I'm trying to calculate
$$
I = \int_0^\infty dq\ \frac{e^{-qm^2 – R^2/(4q)}}{q^{d/2}}, \quad R, m \geq 0,\ d \geq 1
\tag1$$
To do it, I apply the change of variables,
$$
q = \alpha^2, \quad dq = 2\alpha d\alpha
\tag2$$
This renders,
$$
I = \int_0^\infty d\alpha\ \alpha^{1 – d}e^{-\alpha^2m^2 – R^2/(4\alpha^2)}
\tag3$$
I tryied to solve it and I looked for it in books and even Wolfram-Alpha, but I don't get any solutions. Any suggestions to solve Eq. (3)?
EDITION
Knowing the solution for $d = 0, d = 3$, would it be correct to use them and take derivatives respect to $R^2$ to generate the solutions to the rest $d$'s? For that pair of $d$-values, the solutions depend on $\sqrt{R^2} = R$, so would it be right to use
$$
\frac{\partial}{\partial(R^2)} = \frac{\partial R}{\partial(R^2)}\frac{\partial}{\partial R} = \Big(\frac{\partial R^2}{\partial R}\Big)^{-1}\frac{\partial}{\partial R} = \frac{1}{2R}\frac{\partial}{\partial R}
$$
or not?

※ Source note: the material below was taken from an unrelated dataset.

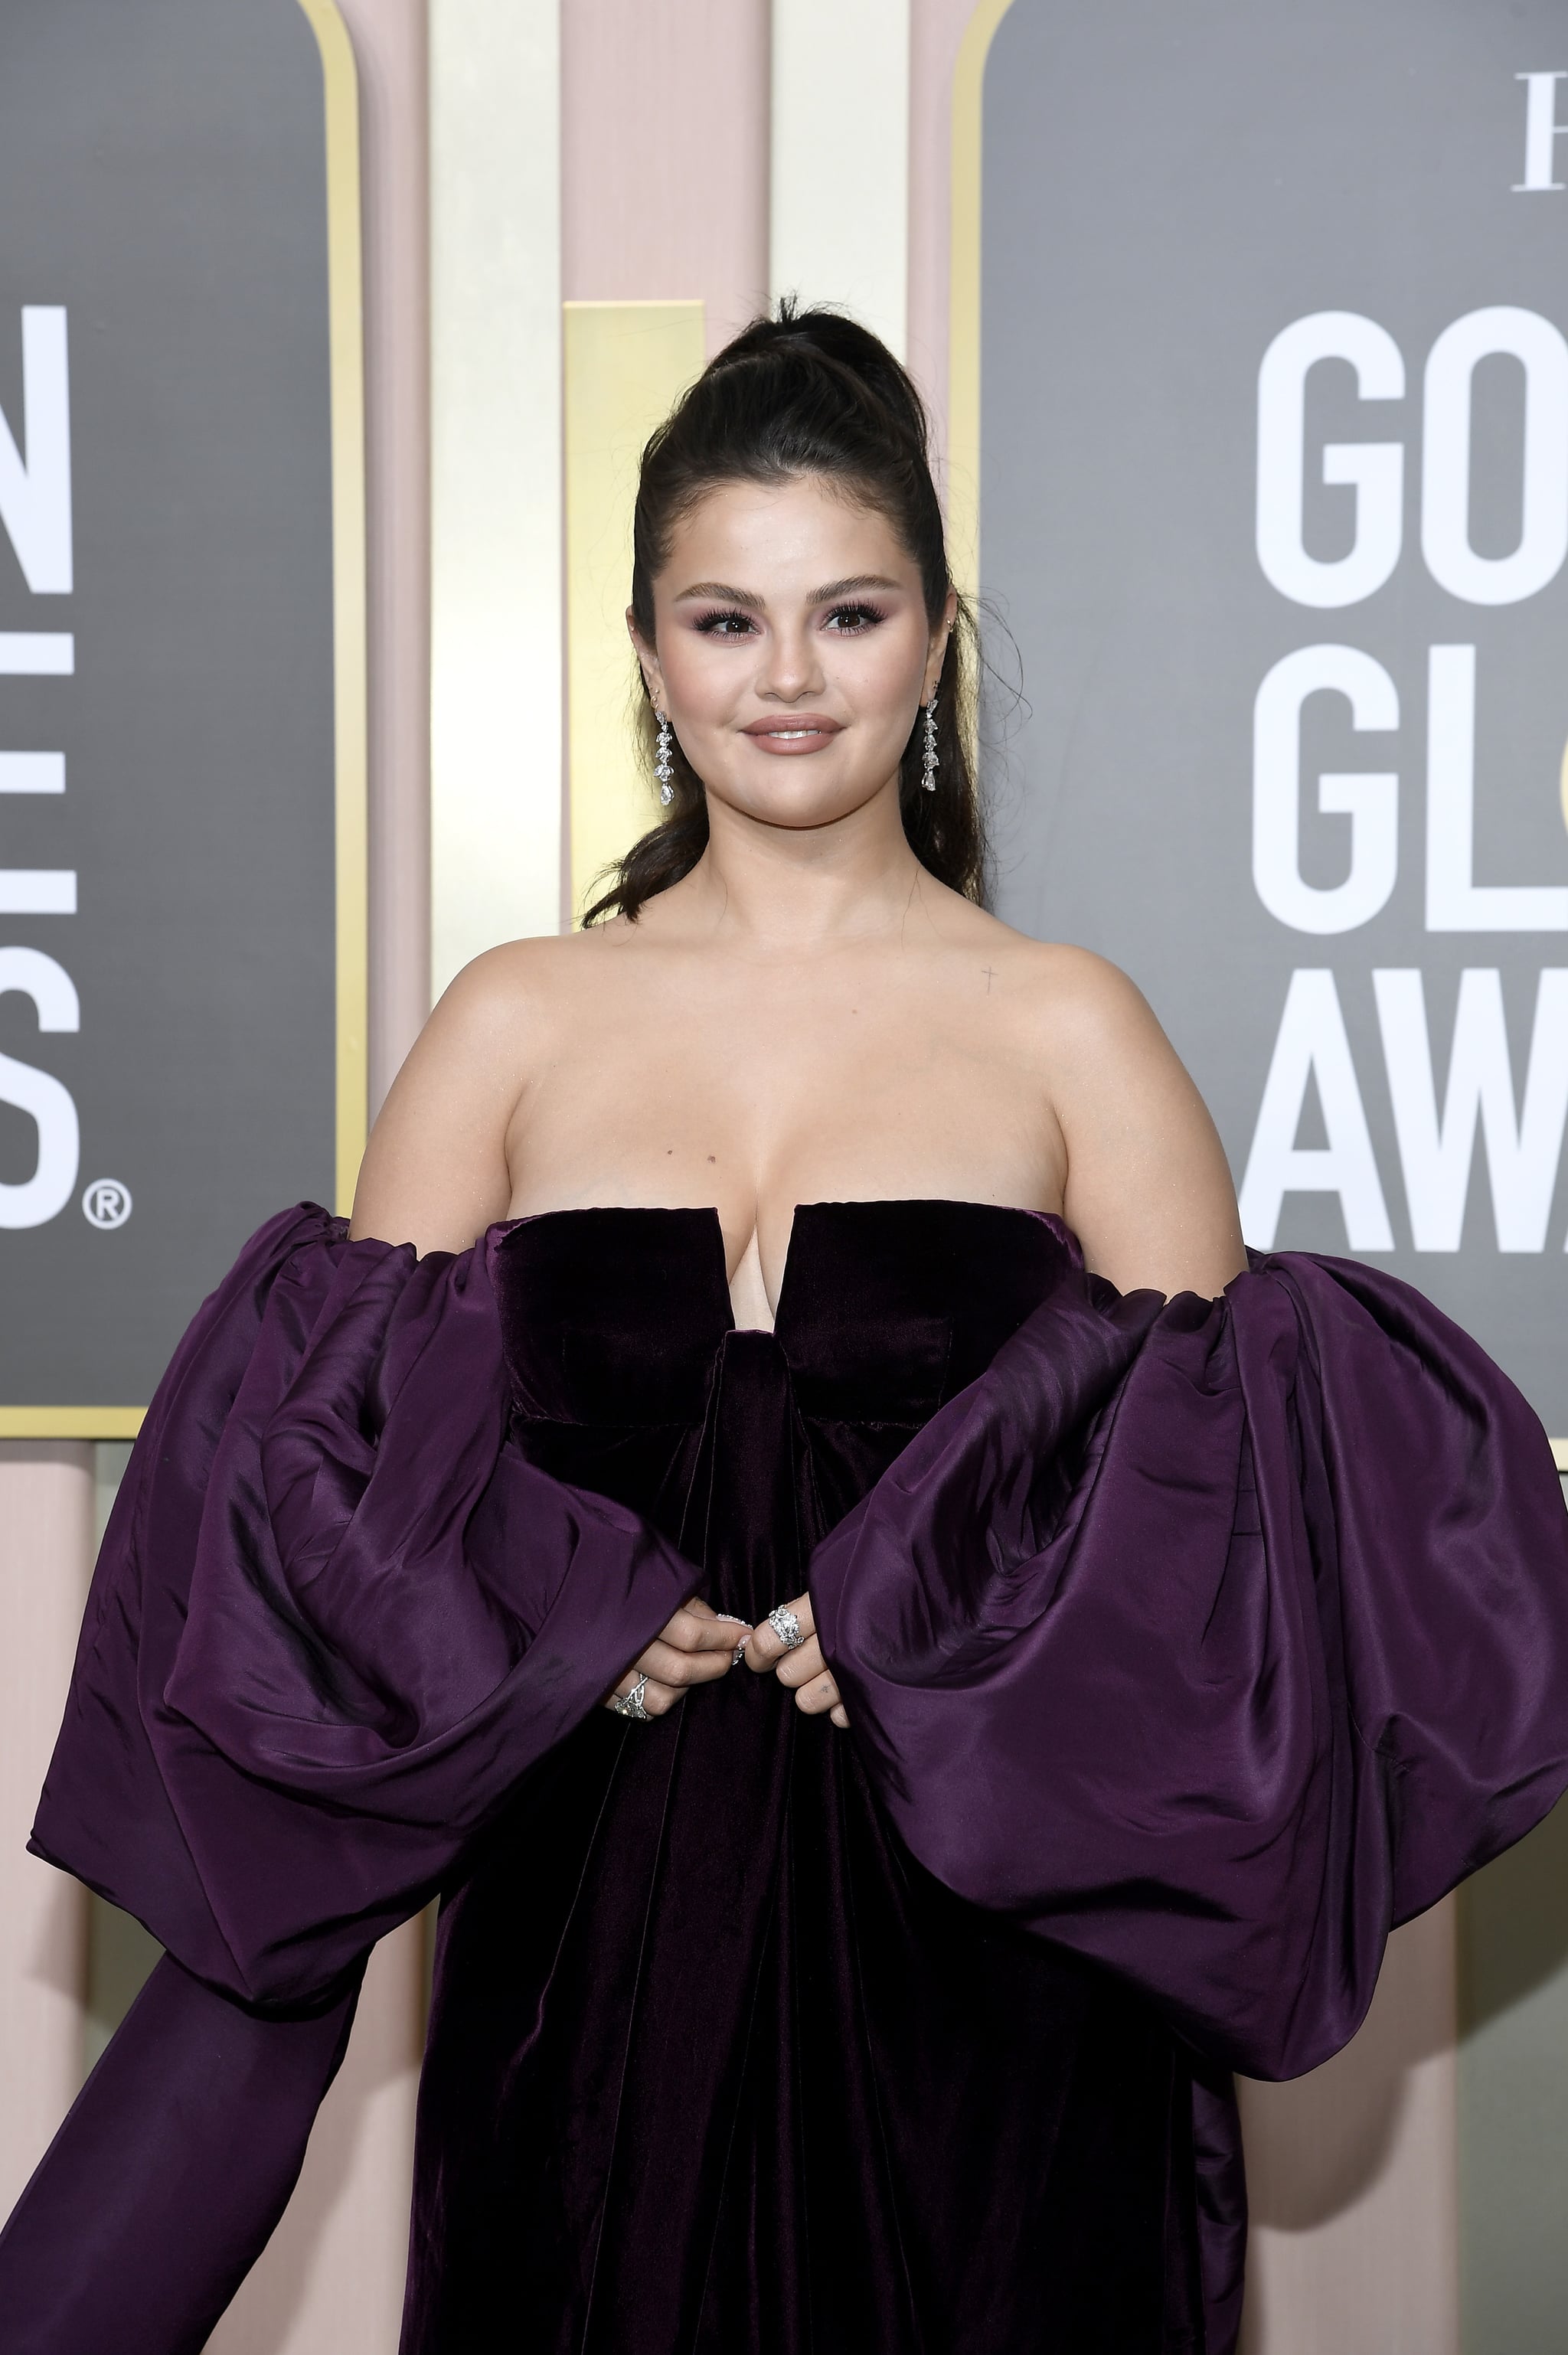 BEVERLY HILLS, CALIFORNIA - JANUARY 10: 80th Annual GOLDEN GLOBE AWARDS -- Pictured: Selena Gomez arrives at the 80th Annual Golden Globe Awards held at the Beverly Hilton Hotel on January 10, 2023 in Beverly Hills, California.  -- (Photo by Kevork Djansezian/NBC via Getty Images)

Probably it is a naive question, but I would like to have a second opinion. Actually, this is the same as integrating those results respect to $m^2$.
Best Answer
It is known that the modified Bessel function of the second kind can be written in an integral form
$$ K_{\nu}(z) = \frac{z^{\nu}}{2^{\nu+1}}\int_{0}^{\infty}\frac{e^{-t-z^{2}/4t}}{t^{\nu+1}}\,\mathrm{d}t. $$
This post has some more information on its derivation. Identifying $\nu = d/2-1$ and $z = Rm$, one can write the integral as
$$ \int_{0}^{\infty}\frac{e^{-m^{2}q-R^{2}/4q}}{q^{d/2}}\,\mathrm{d}q = 2\left(\frac{2m}{R}\right)^{d/2-1}K_{d/2-1}(Rm). $$